As computer vision techniques evolve and enhance, they create room for adoption opportunities. Recently, I happened to come across one such opportunity where a pen and paper solution was being used to record the attendance of employees. This, as anybody can tell, was not only an outdated solution but also an overhead. One should certainly not be doing this living in the digital century.
Any how, One way to solve this problem was using computer vision, where people would have their photos taken at the entry whenever a face is detected. Which would then be sent to a processing unit that matches the face with the employee dataset and records the attendance of the respective person.
A birds eye view of the solution looks something like below.
This is essentially a two-part solution where one component of the system is responsible for face detection and the other for identification/classification. For face detection, a Multi-Task Convolutional Neural Network (MTCNN) is used whereas an Inception Resnet is used for classification.
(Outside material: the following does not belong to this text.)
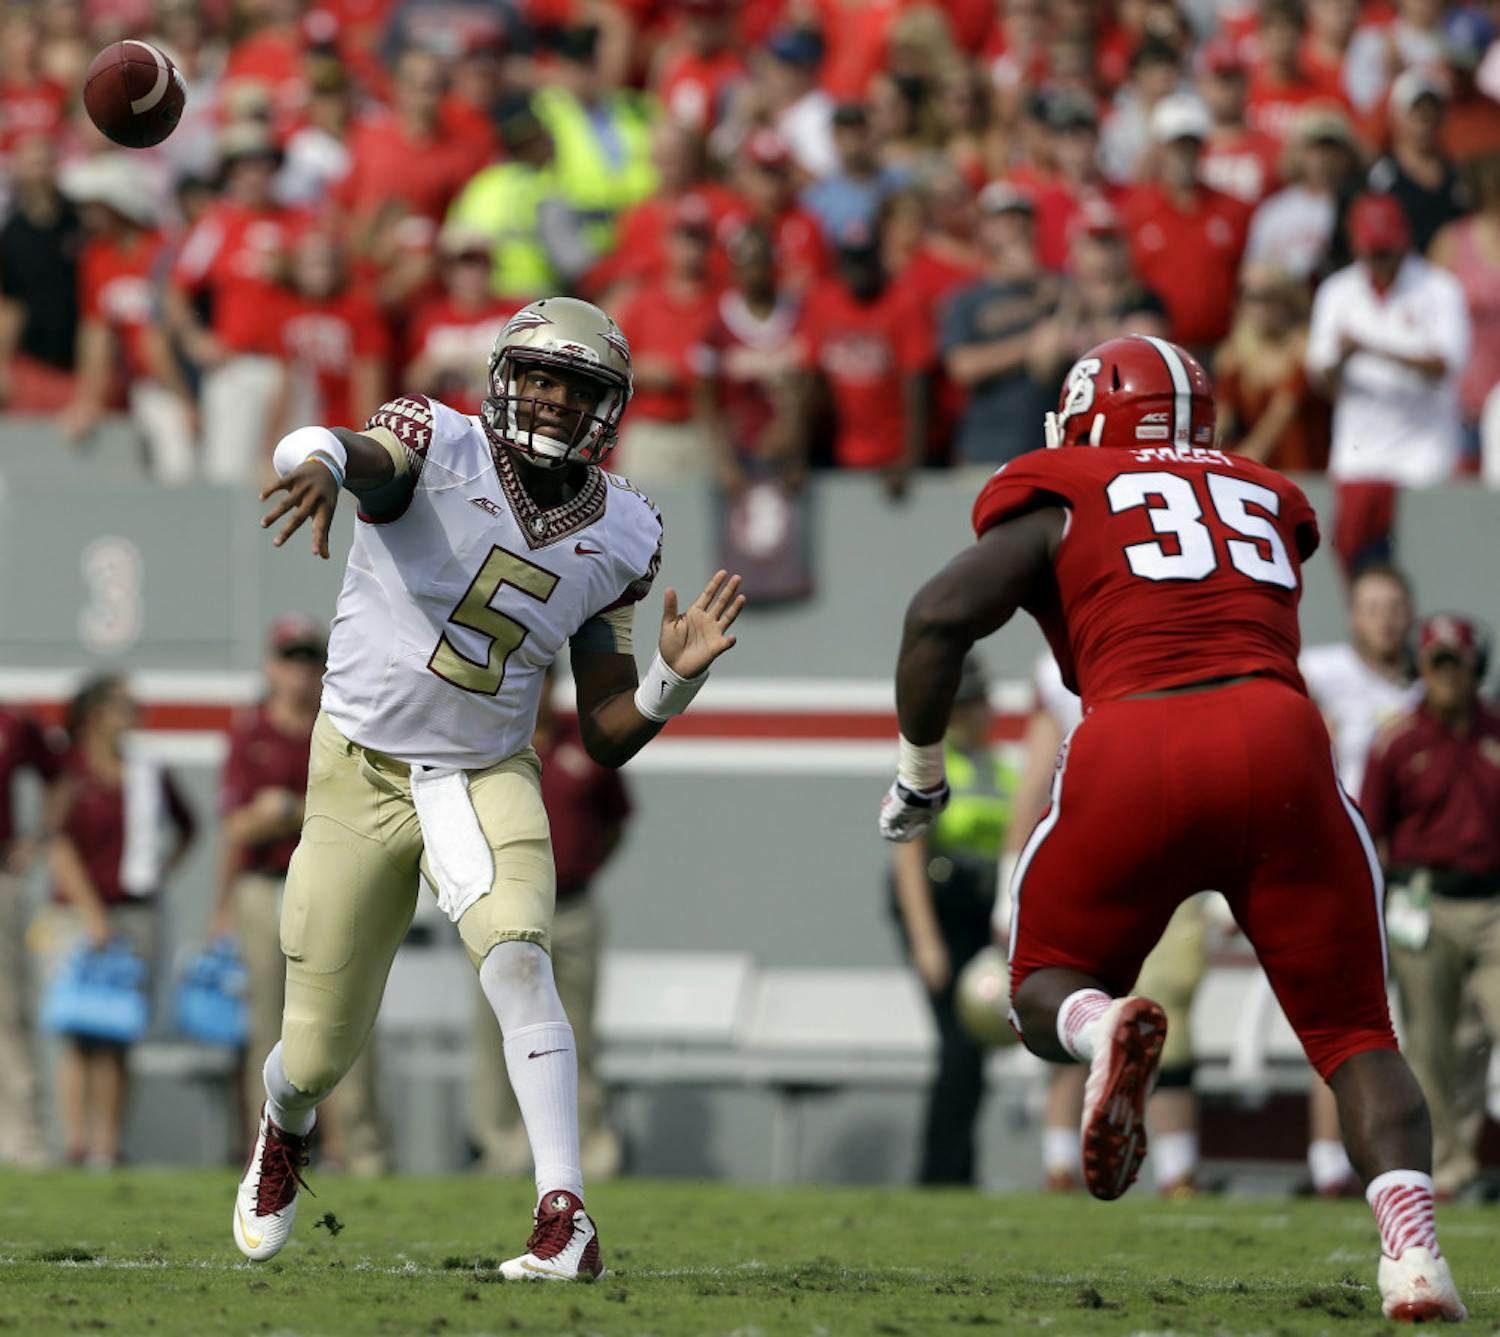 Florida State quarterback Jameis Winston (5) throws a pass as North Carolina State's Kentavius Street (35) rushes during the first half of an NCAA college football game in Raleigh, N.C., Saturday, Sept. 27, 2014.

MTCNNs, as the name suggests are used for multi-task problems which in our case are faces and facial features. Fortunately for us, an MTCNN based facial detection model and a pre-trained Inception Resnet classifier were already set up by Harbman and made publicly accessible on his Github. All we needed to do was re-train the model on employees’ faces, which was not a difficult task as Habrman provided clear instructions in his repo on how to do that.
Some changes were made to the detection and reporting script. These include a threshold that defines how many successful detection frames are needed to successfully classify the person, a check that prohibits re-detection of a person whose attendance has already been marked, as well as a custom view that displays the photo of the person being identified along with the names of those who have been previously identified and marked.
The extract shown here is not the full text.